> How to complete this task: Only the lines from the one containing "Chevron Renaissance Fabric Roof" to the end of the data should be copied, exactly and without pictures.

> Provided material:
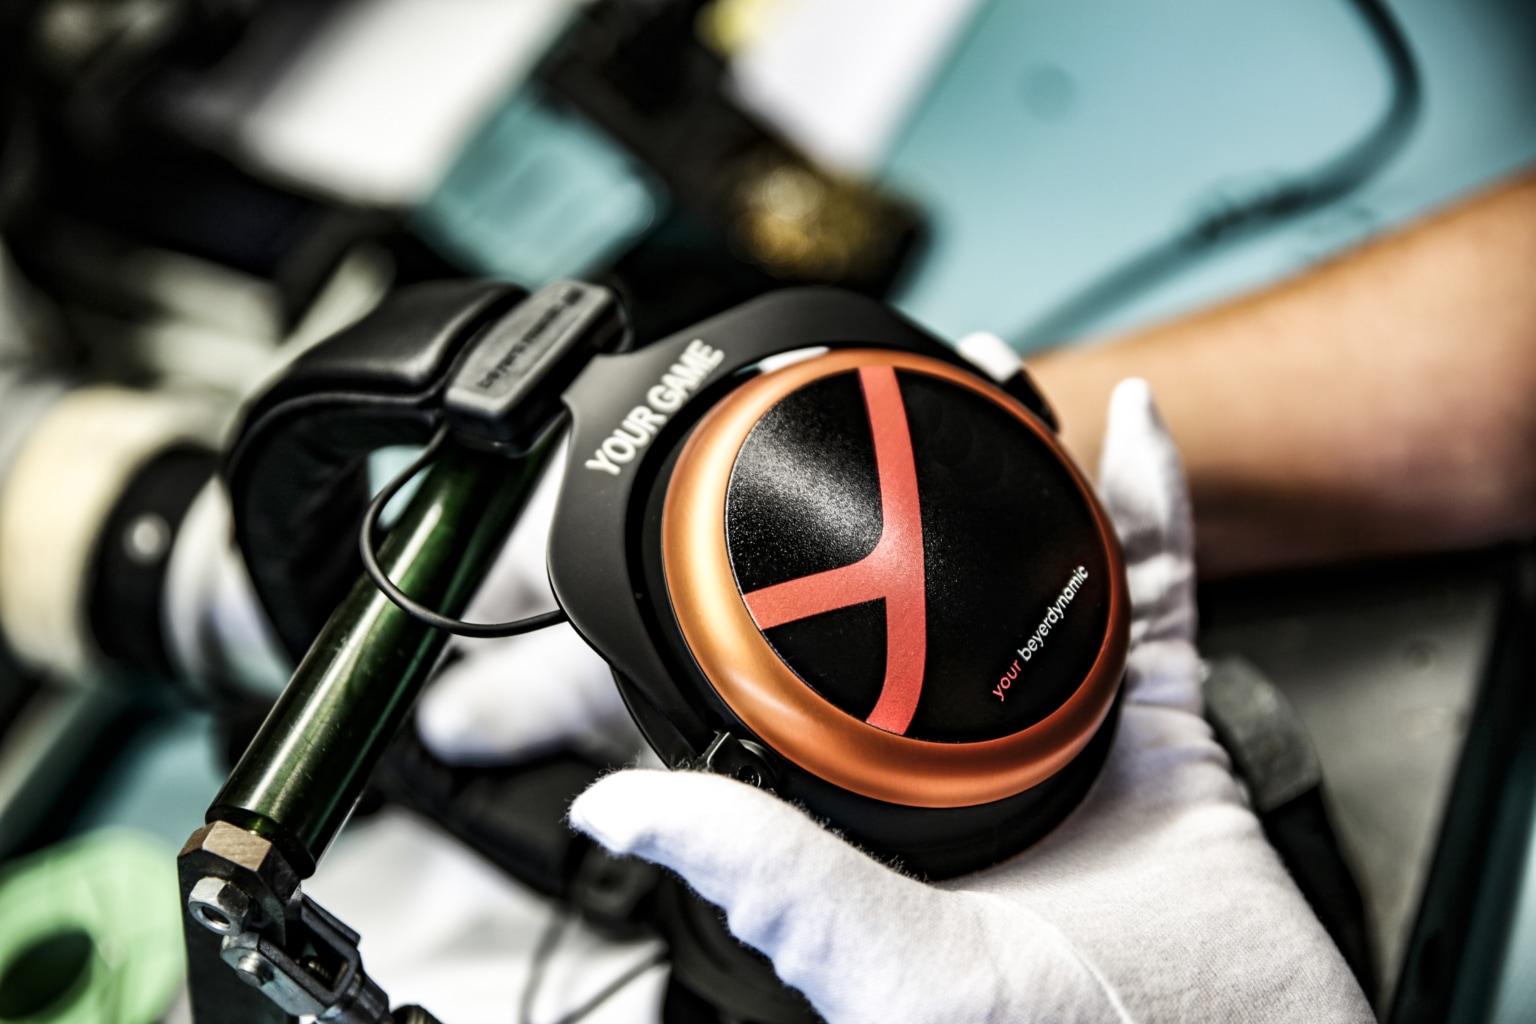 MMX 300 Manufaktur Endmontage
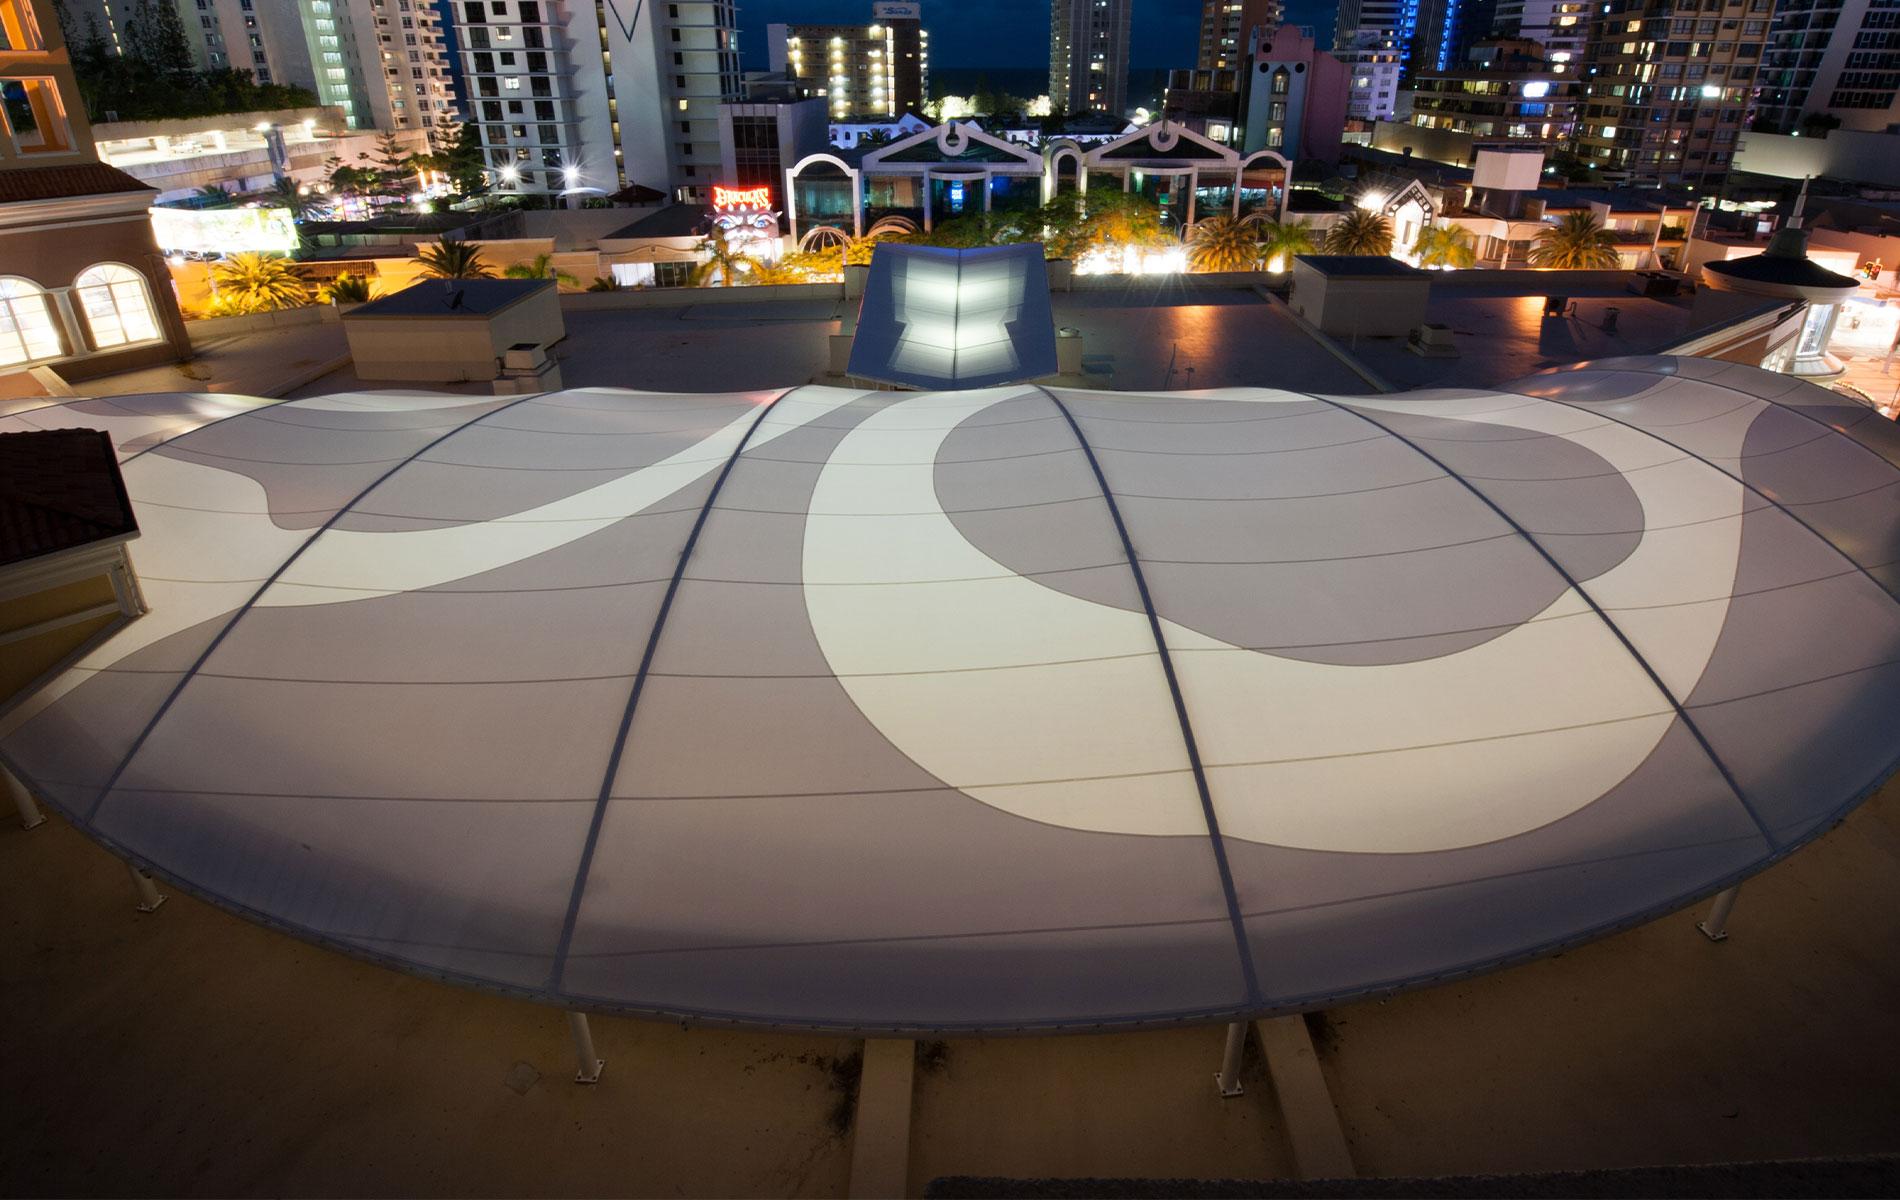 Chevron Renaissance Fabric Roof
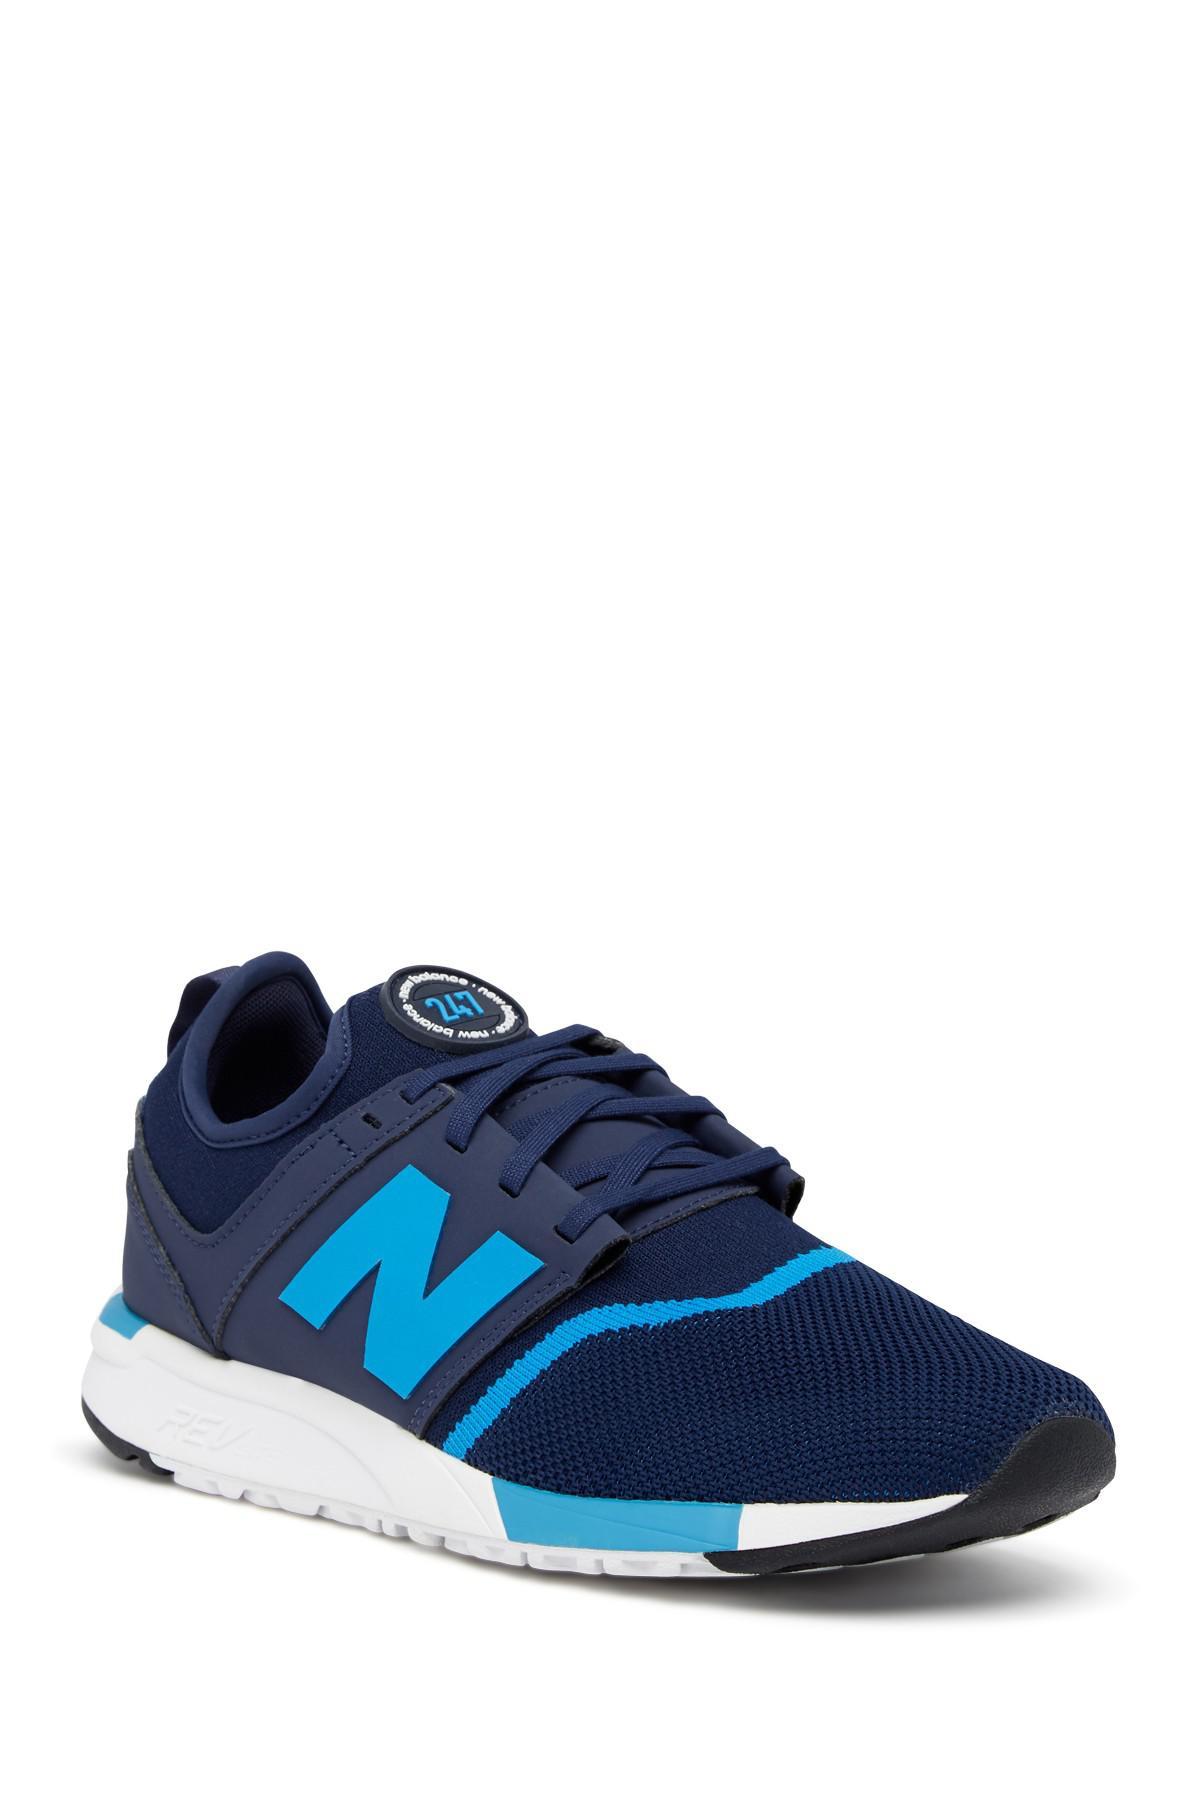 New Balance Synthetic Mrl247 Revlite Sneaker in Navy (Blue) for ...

> Result of this exercise:
 Chevron Renaissance Fabric Roof
 New Balance Synthetic Mrl247 Revlite Sneaker in Navy (Blue) for ...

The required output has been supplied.